CPVT can be caused by mutations in several genes, all of which are responsible for regulating the concentrations of calcium within cardiac muscle cells. The most commonly identified genetic mutation in CPVT is a mutation in the RYR2 gene that encodes the cardiac ryanodine receptor, responsible for releasing calcium from the sarcoplasmic reticulum. Mutations associated with CPVT have also been identified in the CASQ2 gene which encodes calsequestrin, a protein that binds calcium within the sarcoplasmic reticulum. Other genes associated with CPVT include TECRL encoding Trans-2,3-enoyl-CoA reductase-like protein, CALM1 encoding Calmodulin, and TRDN encoding Triadin.

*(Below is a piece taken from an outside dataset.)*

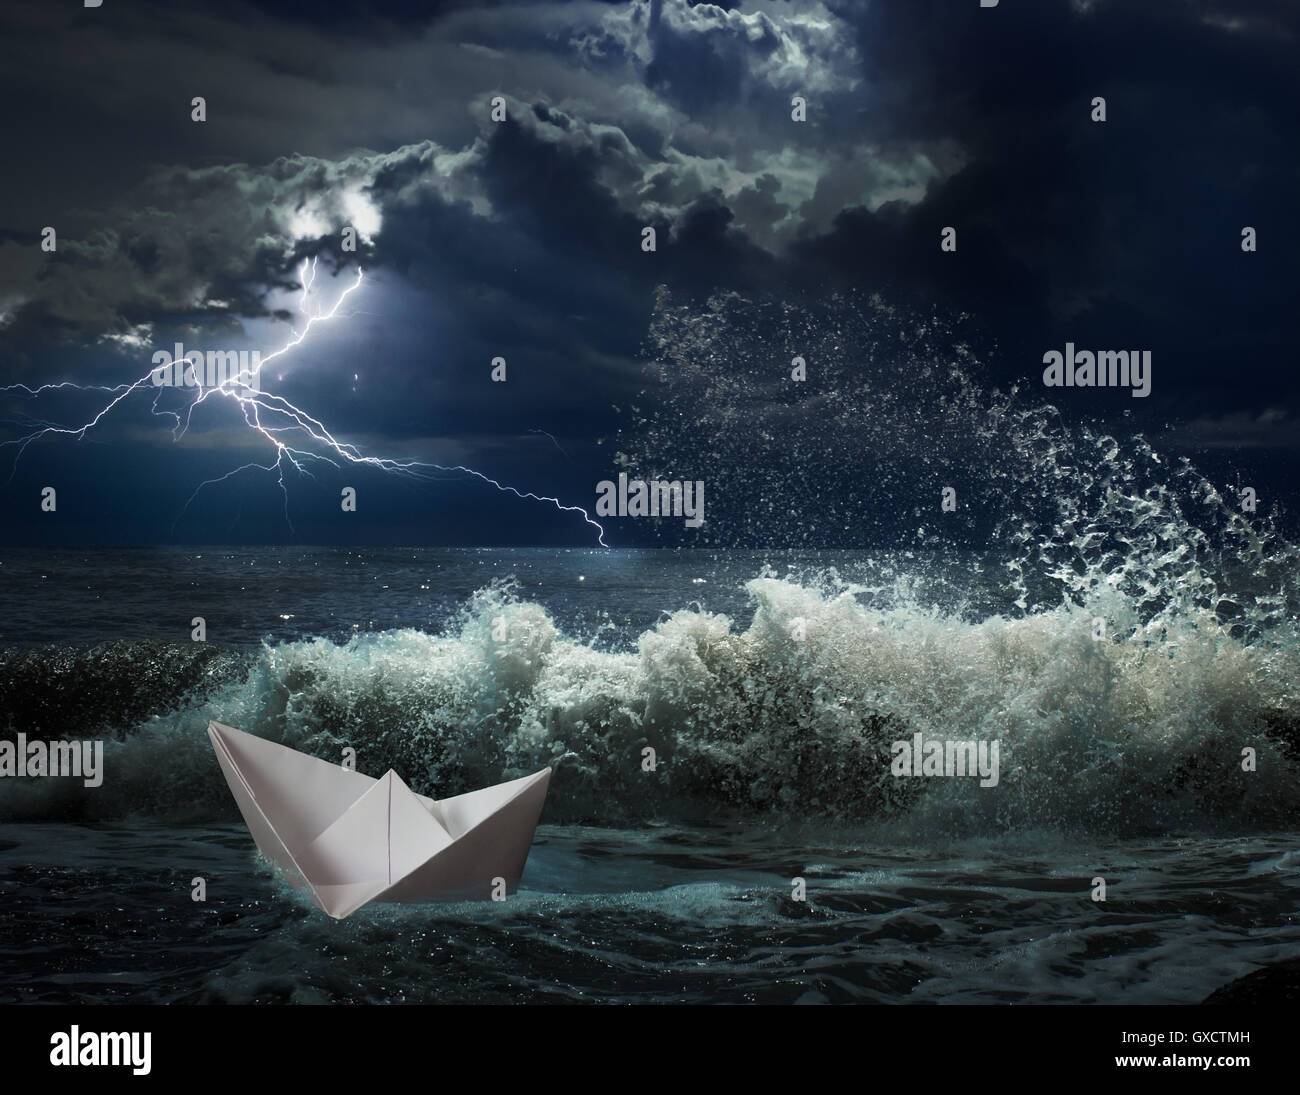 Bateau en papier lgihting avec tempête de l'océan et les vagues Banque D'Images

|CPVT1||604772||RYR2||1q42.1-q43||AD||Ryanodine receptor - releases calcium from the sarcoplasmic reticulum |
|CPVT2||611938||CASQ2||1p13.3-p11||AR||Calsequestrin - calcium buffer within the sarcoplasmic reticulum |
|CPVT3||614021||TECRL||7p22-p14||AR||Trans-2,3-enoyl-CoA reductase-like protein - interacts with ryanodine receptors and calsequestrin |
|CPVT4||614916||CALM1||14q32.11||AD||Calmodulin - stabilises ryanodine receptors |
|CPVT5||615441||TRDN||6q22.31||AR||Triadin - forms complex with calsequestrin to interact with ryanodine receptors |
CPVT1 - RYR2 mutations
The most commonly identified genetic mutations in those suffering from CPVT occur in the RYR2 gene which encodes the cardiac ryanodine receptor. Mutations in this gene lead to an autosomal dominant form of CPVT known as CPVT1. While the precise effect differs between specific mutations in this gene, many RYR2 mutations cause the ryanodine receptor to open in response to lower concentrations of calcium - the threshold for calcium release is lower. As a result, the sarcoplasmic reticulum spontaneously releases calcium through these abnormal ryanodine receptors when the concentration of calcium within the sarcoplasmic reticulum rises - a process known as store-overload induced calcium release. Sarcoplasmic reticulum calcium content increases in response to stimulation from catecholamines, explaining why arrhythmias in those with CPVT occur at times when catecholamine levels are elevated. Some suggest that the increased sensitivity to calcium occurs only when the ryanodine receptor is phosphorylated by protein kinase A, while other suggest that the increased sensitivity also occurs under resting conditions.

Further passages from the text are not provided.